После того как Красная Армия разгромила петлюровщину, много бывших вожаков и рядовых участников различных петлюровских банд очутилось в эмиграции. Одни бежали в Чехословакию, другие — в Канаду, третьи — в Австрию и Германию, но больше всего их болталось без всякого дела в Польше и особенно в главном городе Западной Украины — Львове. Их-то и стал потихоньку прибирать к рукам и записывать в свои тайные реестры бывший австрийский офицер и полковник «сичовых стрельцов» Евген Коновалец. Он был известен и на Советской Украине как жестокий мучитель трудящихся Киева, подавлявший вместе со своими «стрельцами» революционное восстание рабочих завода «Арсенал», не пожелавших служить «самостийникам».
Трудно было Козырю-Зирке с помощью одной только переписки разыскать своих старых дружков — атаманчиков. Решил он сам махнуть во Львов.
В те годы Коновалец сколачивал из этих предателей украинского народа свою преступную «Украинскую военную организацию» — УВО.
Когда вожаки тайной контрреволюционной организации принимали в ее члены Козыря-Зирку, он утаил, почему именно ему удалось так быстро вырваться из-за колючей проволоки концентрационного лагеря в Калише. Совет Зарембы забыть разговор с ним и повторный визит англичанина Козырь-Зирка запомнил хорошо. Правда, он слабо верил, что его могут еще найти и предложить услугой за услугу оплатить быстрое освобождение из лагеря. Однако английский капитан Сидней Джордж Рейли хорошо помнил громилу и бандита с волосами цвета вороньего крыла и щегольскими бачками и через своих людей отыскал его даже вдали от Ровно.

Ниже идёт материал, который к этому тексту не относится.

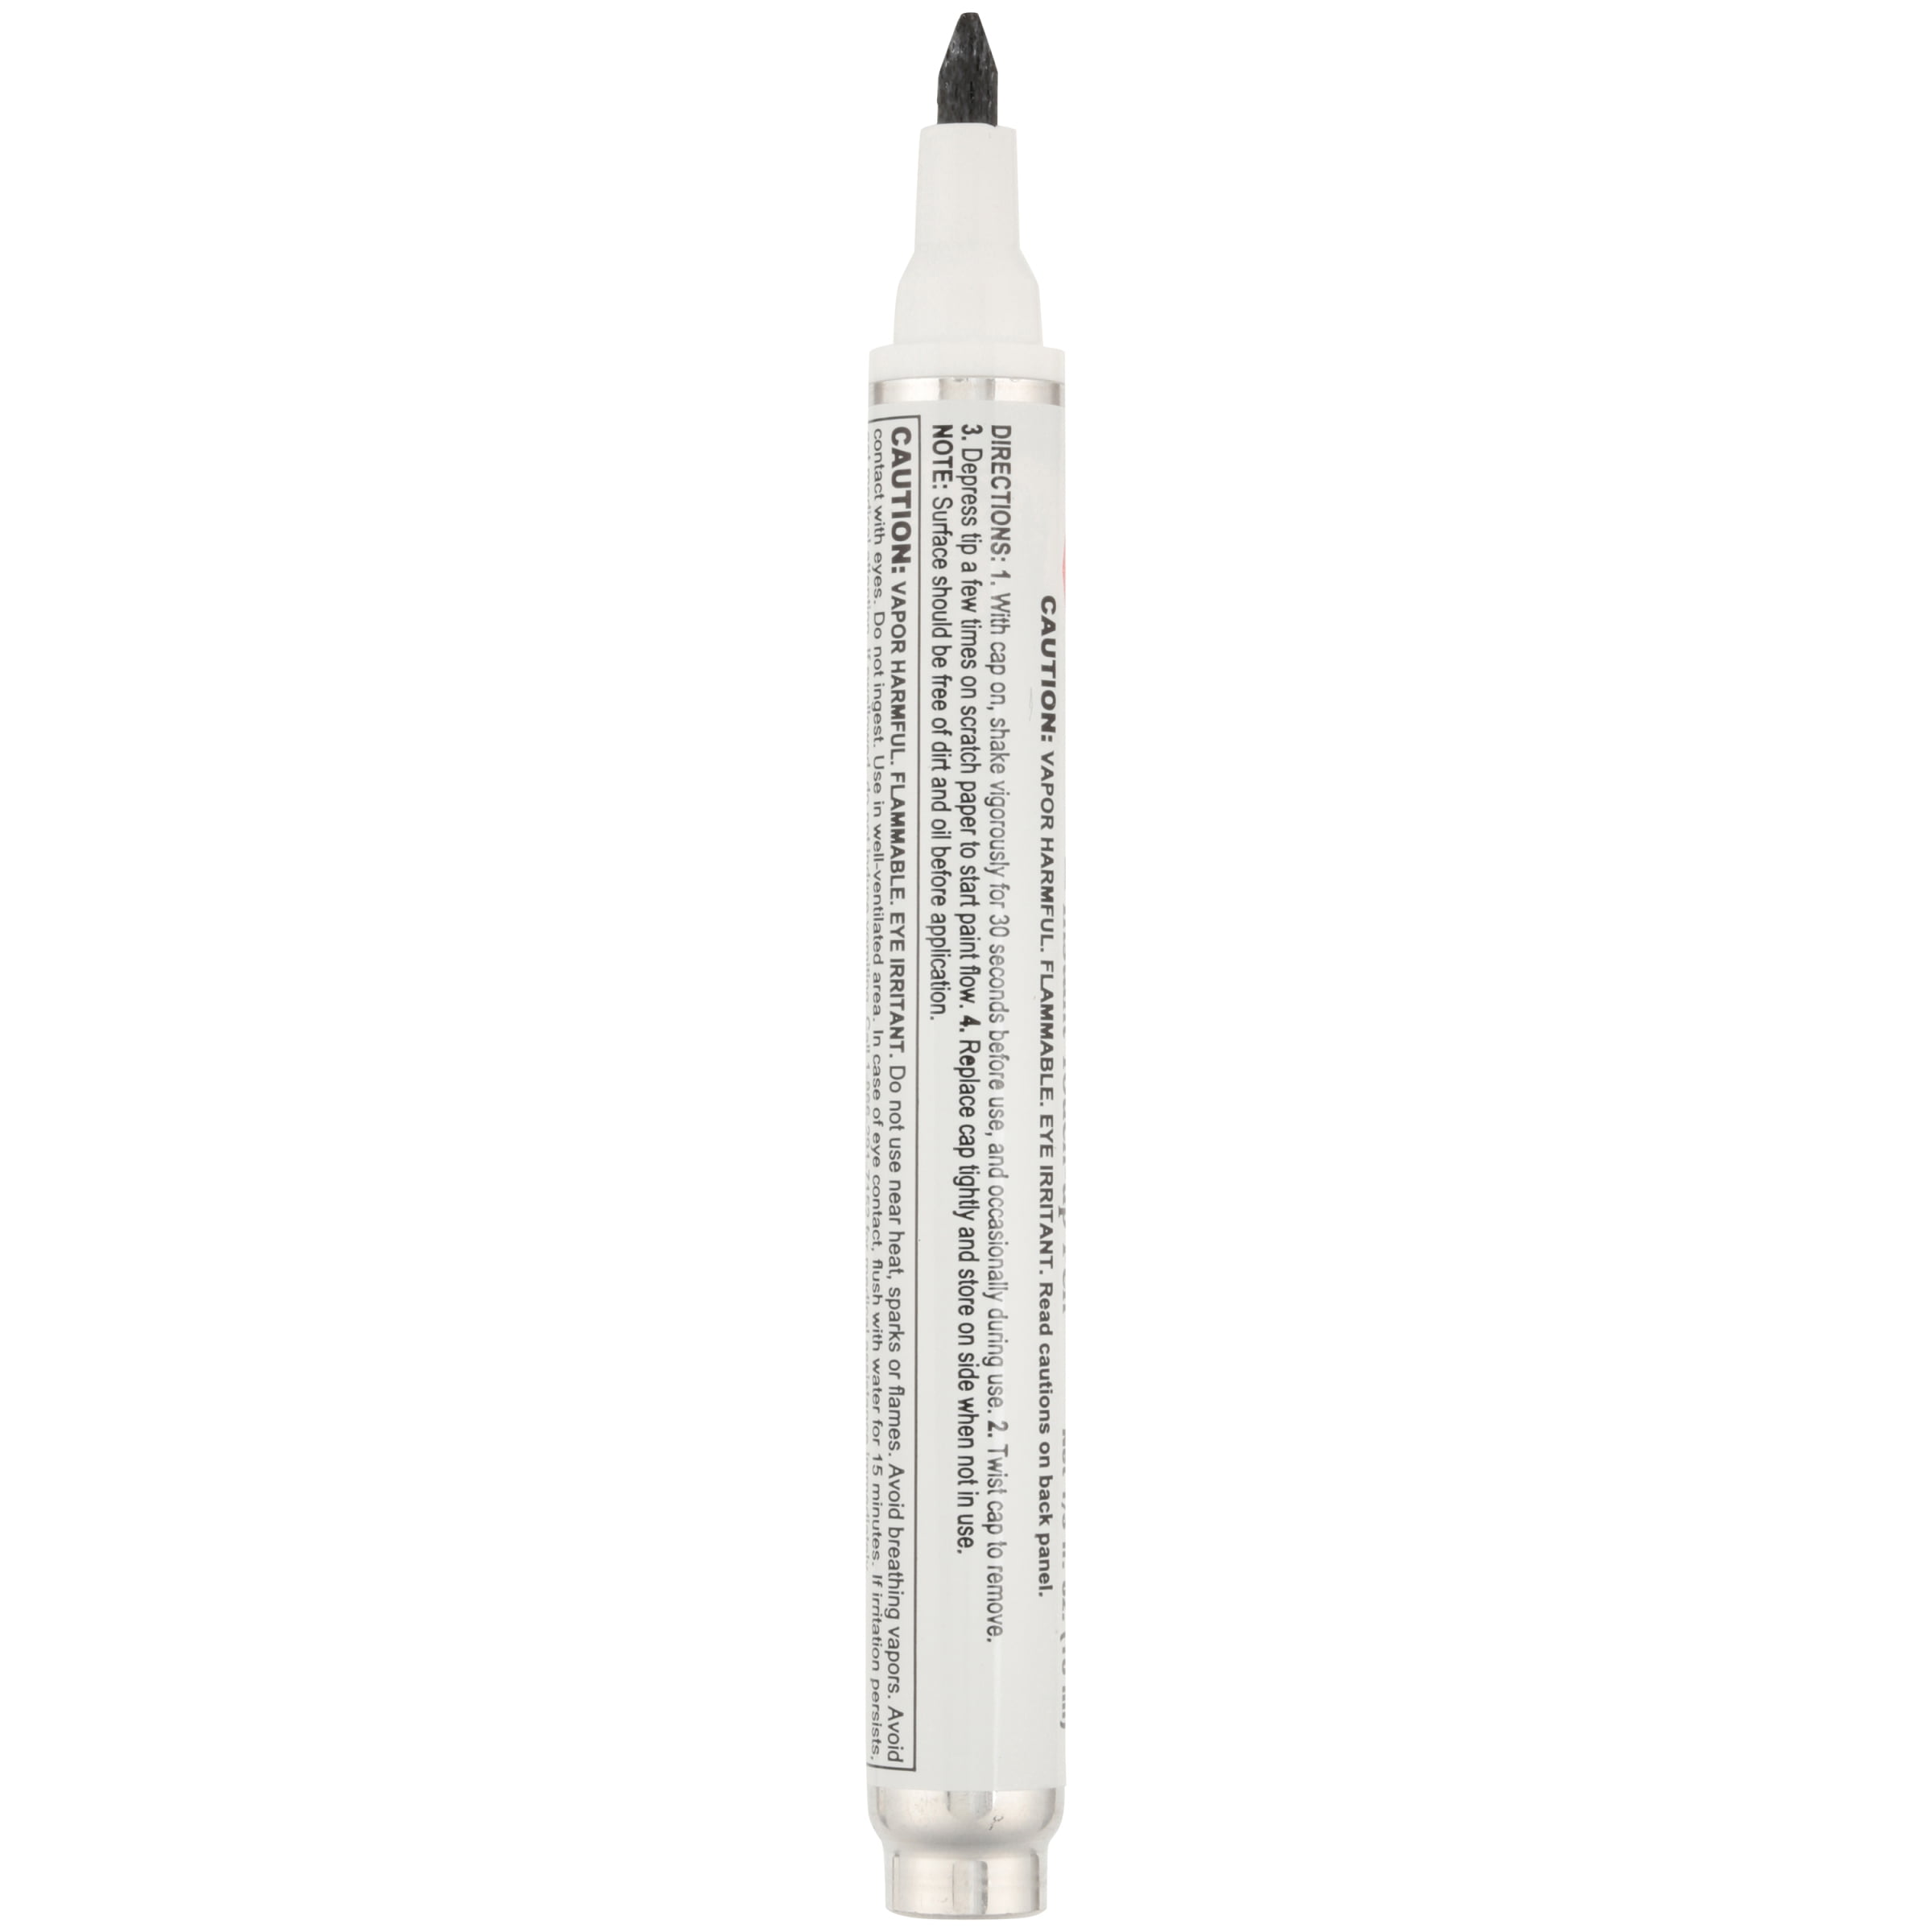 Birchwood Casey Super Black Touch-Up Pen, Instant, Flat Black - 0.33 fl oz

Случилось это во Львове. Приехав во Львов, Козырь-Зирка остановился в «Народной гостинице». Не успел он принять ванну и просушить свои жесткие, с синеватым отливом волосы, как в дверь номера постучался портье и сказал, что «пана из Ровно» просят к телефону. Женский голос просил его прийти сейчас же, немедля, по важному интимному делу в соседнюю гостиницу «Империаль», на улице Третьего мая. Мучаясь в догадках, как его смогли разыскать так быстро во Львове, Козырь-Зирка оделся, причесался и пошел по приглашению незнакомки в гостиницу «Империаль», где обычно останавливались приезжавшие во Львов купцы из захолустных местечек Галиции.
Он очень удивился, когда после стука в дверь названного незнакомкой номера его пригласил войти туда громкий мужской голос. Как только Козырь-Зирка перешагнул порог, ему навстречу поднялся щеголеватый офицер-пилсудчик.

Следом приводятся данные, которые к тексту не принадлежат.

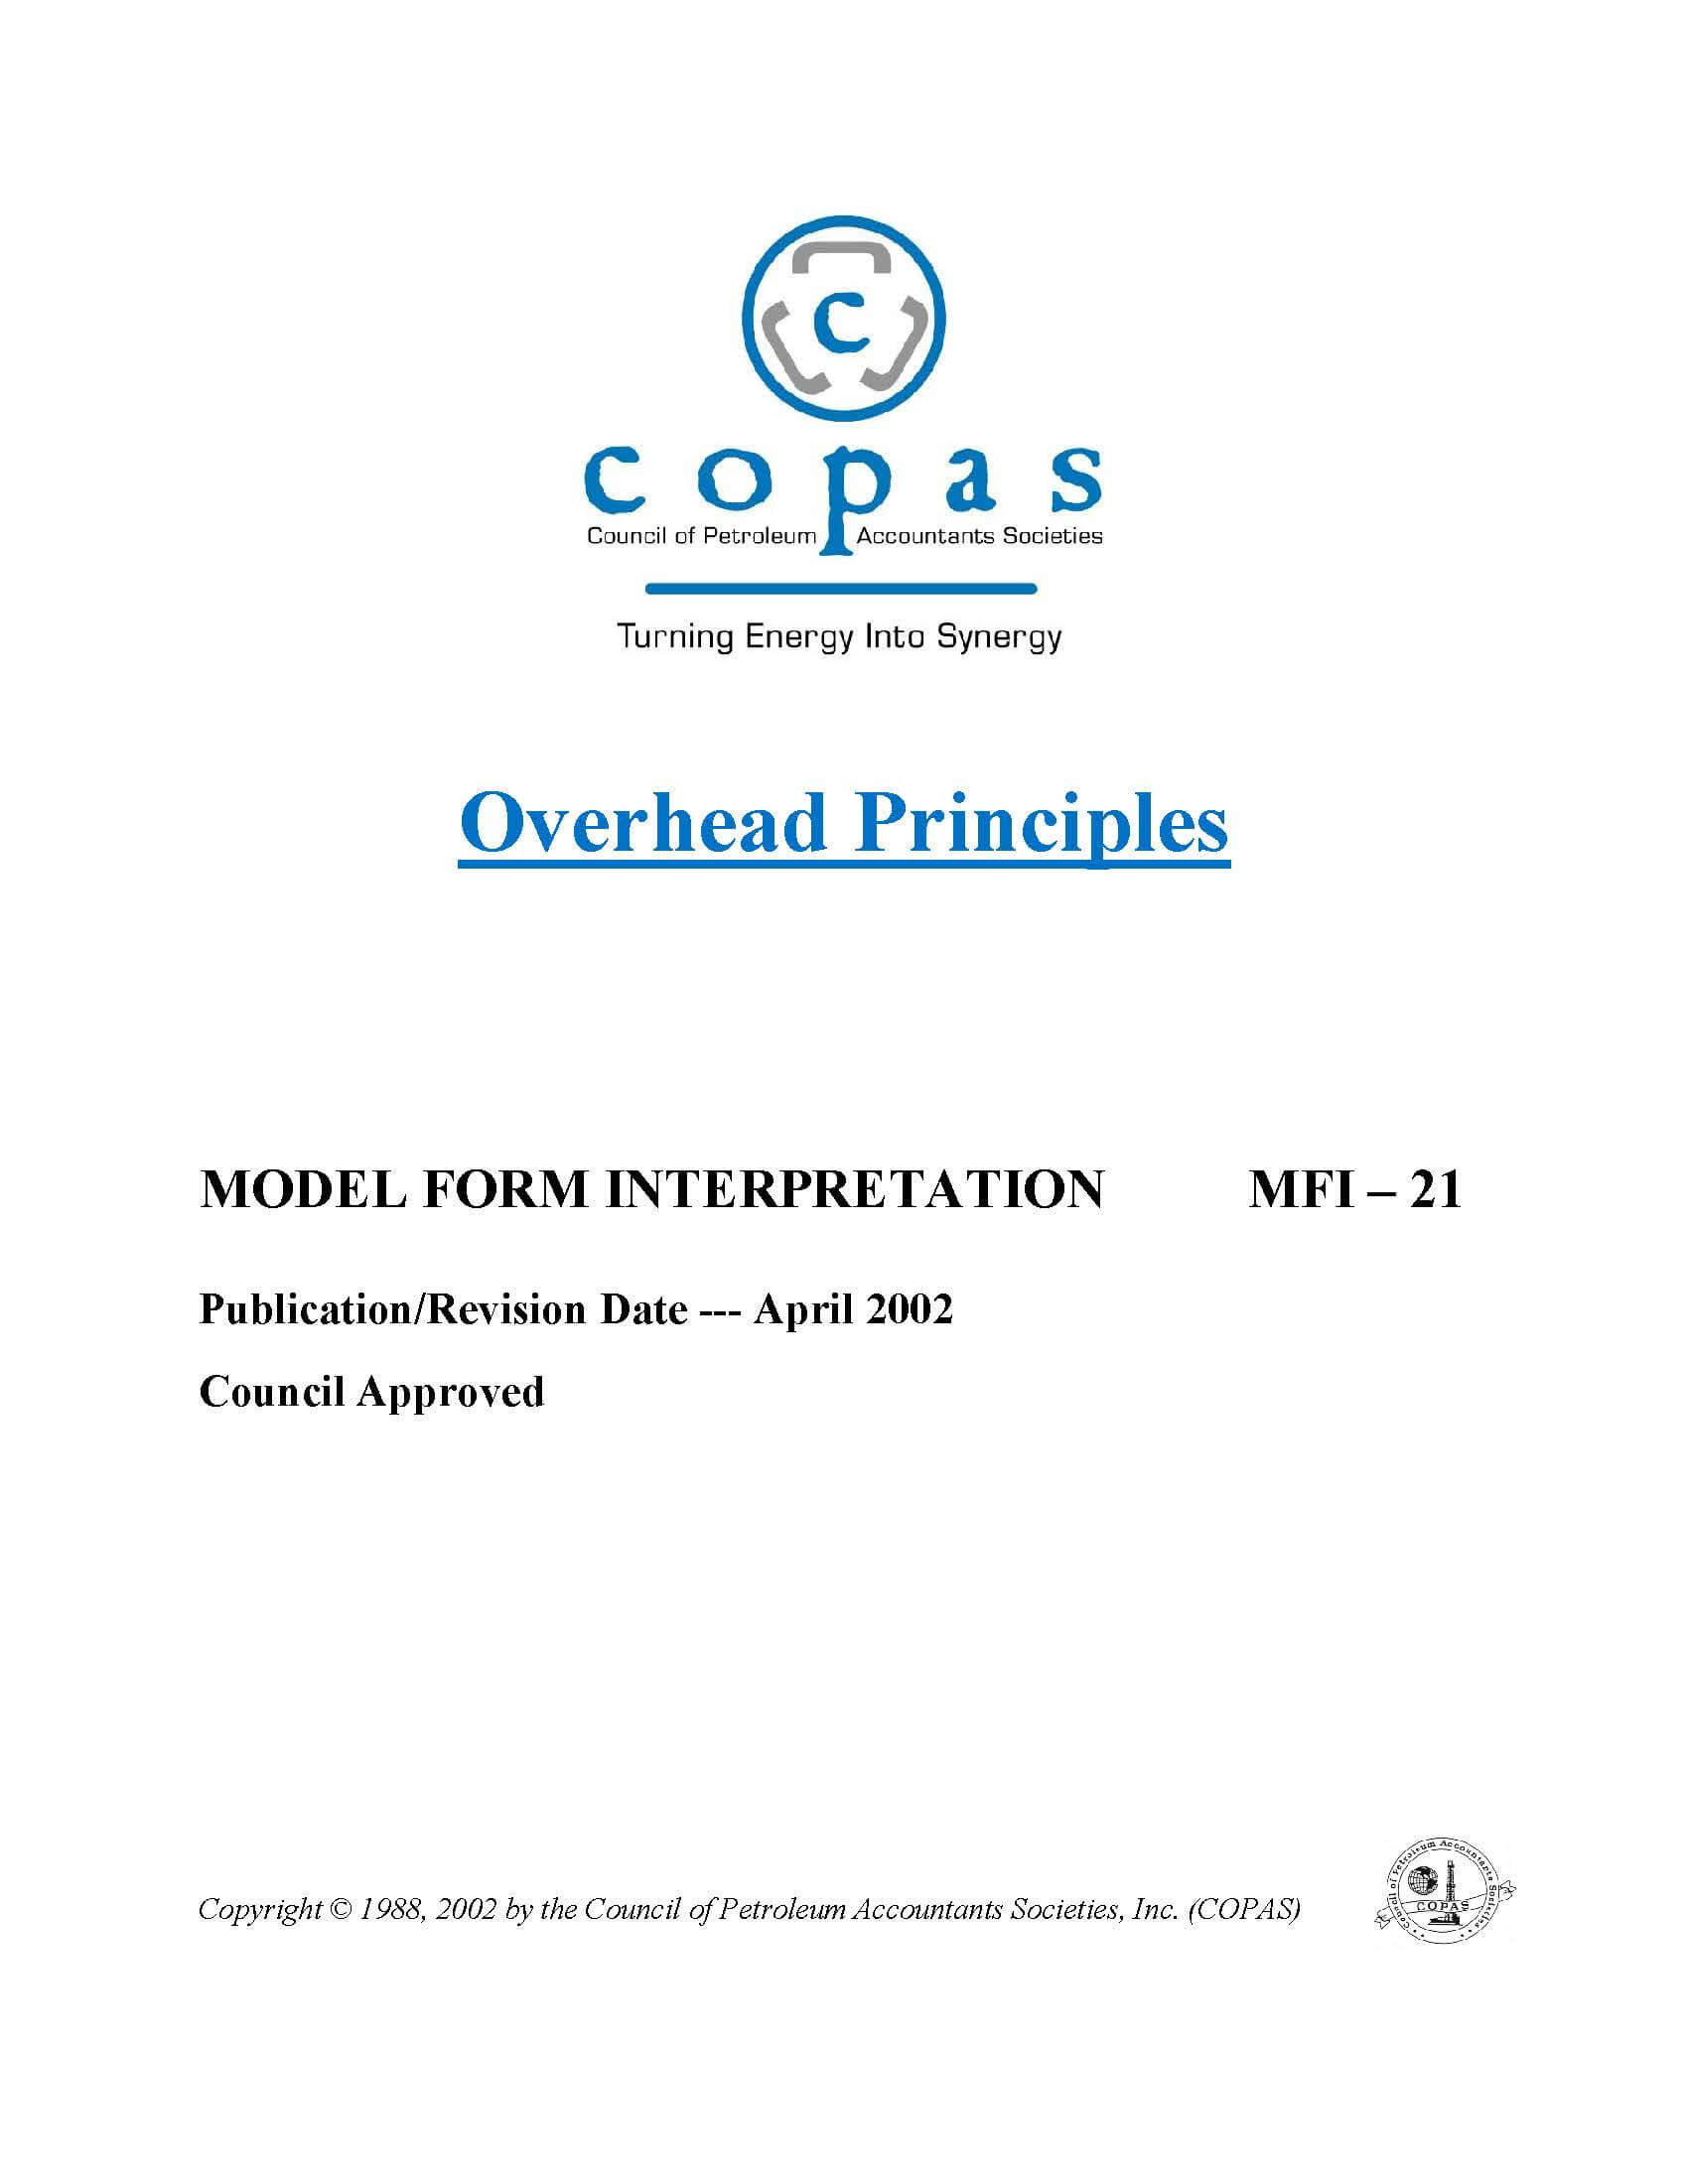 MFI-21 Overhead Principles - products MFI 21 Overhead Principles - Council of Petroleum Accountants Societies

Это был один из старых сотрудников польской военной разведки, так называемой «офензивы», майор Зигмунд Фльорек, работавший во Львове одновременно не только на маршала Пилсудского, но и на английскую разведывательную службу Интеллидженс сервис.

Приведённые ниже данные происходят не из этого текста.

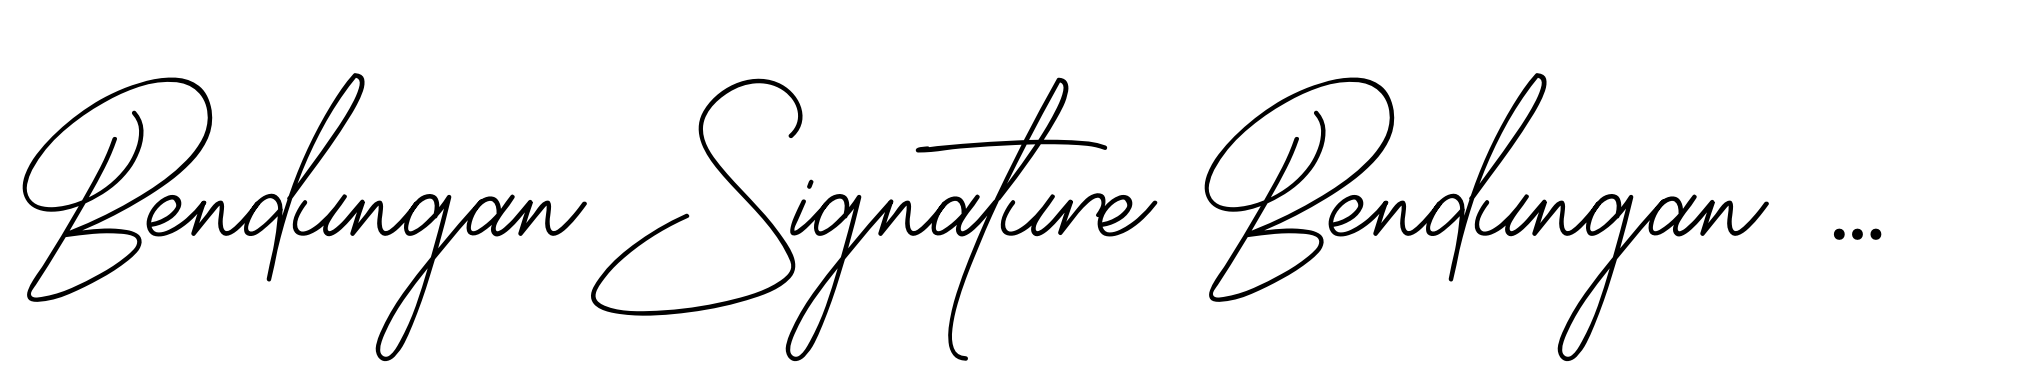 Bendungan Signature Bendungan Signature Handwritten image

— Вот мы вас и отыскали, пане атамане! — сказал майор Фльорек. — Простите, что я потревожил вас и пригласил зайти сюда. Меня в городе знают многие, и если бы я нанес вам визит, это стало бы известно достаточно широкому кругу лиц. А вашу организацию и без того обвиняют в том, что вы находитесь в тайном контакте с польской разведкой.
Ошарашенный уже первыми словами майора, Козырь-Зирка удивился еще больше, когда Фльорек передал ему личный привет от капитана Рейли и пожелание успеха в первом, довольно опасном задании.
Начальник представительства второго отдела польского генерального штаба во Львове майор Фльорек сказал Козырю-Зирке, что буржуазия всего мира готовится к войне с Советским Союзом. Желая уверить поповича из Ровно, что это именно так, майор Фльорек достал из своей сумки свежий номер английской газеты и перевел ему выдержку из статьи на эту тему: «С большевизмом в России будет покончено еще в текущем году, а как только это случится, Россия вернется к старой жизни и откроет свои границы для тех, кто пожелает в ней работать».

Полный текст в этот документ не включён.